Por fim, o GTD propôe que seu sistema seja revisado da seguinte forma:

  • Agenda ou calendário – Toda vez que precisar saber “o que tem pra hoje”. É claro que a agenda vai sendo alimentada aos poucos por você A ideia é que ela seja confiável. Geralmente: uma vez por dia.
  • Lista de próximas ações por contextos – Quando tiver tempo para ver “o que pode ser feito agora”. Geralmente: ao longo do dia.
  • Lista de projetos – Toda vez que precisar revisar seus comprometimentos de curto prazo. No que está trabalhando? Qual o status disso? Geralmente: uma vez por semana.
  • Áreas de foco – Toda vez que sentir que precisa conciliar as diversas áreas da sua vida. Geralmente: uma vez por mês.
  • Objetivos – Quando precisar verificar que está no caminho certo com relação ao que eu quer para a sua vida. Geralmente: uma vez a cada quatro meses.
  • Visão – Sempre que precisar de inspiração para seguir adiante. Geralmente: uma vez por ano.
  • Propósito – Quando tiver grandes decisões a tomar. Geralmente: uma vez por ano.

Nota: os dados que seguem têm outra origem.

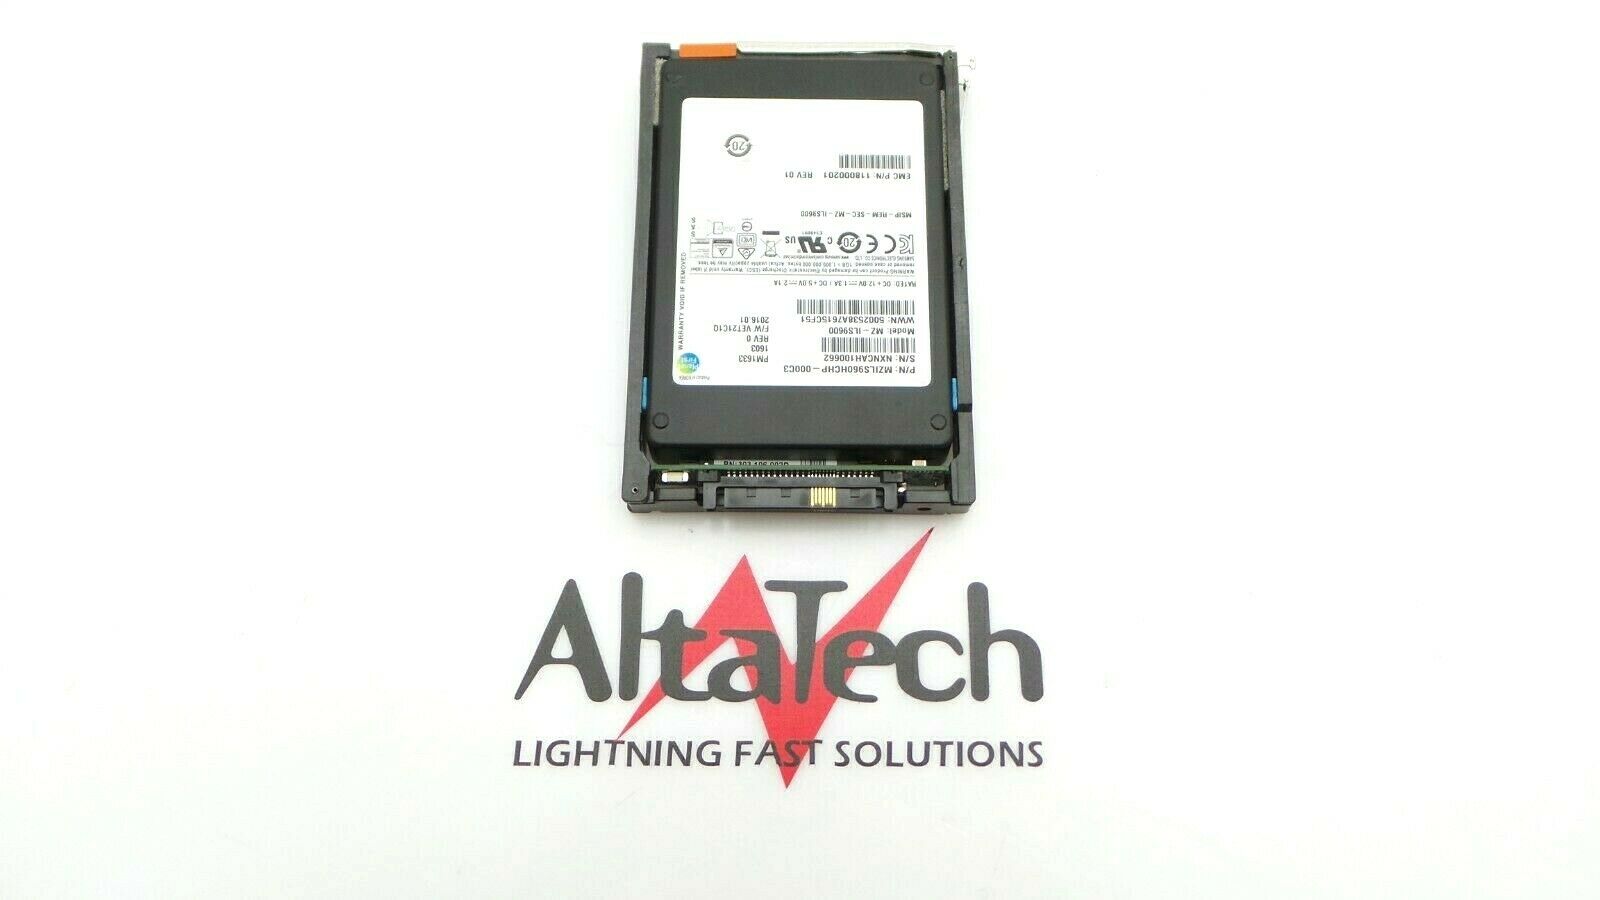 EMC 118000201 960GB SSD SAS 2.5" 12G, Used

Parece bastante coisa (e é), mas a ideia é que você implemente muito aos pouquinhos, obtendo controle em cada um dos níveis, até que tudo esteja acontecendo de maneira fluida. O David Allen costuma dizer que a pessoa que tem todo o seu sistema sob controle, consegue definir prioridades e tem essa visão sobre todos os níveis, está na posição do “capitão e comandante” do navio. A pior prática possível com relação à nossa produtividade é se organizar e ter a sensação de que “espero que esteja tudo ok!”. Isso dá muita insegurança! Como podemos nos concentrar e trabalhar em ideias se nossa cabeça está cheia de preocupações? Não é possível. Portanto, o estado de mente tranquila que estou buscando é justamente aquele por saber que meu inventário de ações está completo e atualizado, e todos os meus horizontes de foco estão integrados. Posso trabalhar nas minhas melhores ideias, prestar atenção à minha intuição e tomar decisões com a mente relaxada. Quem não quer isso? Isso é o GTD.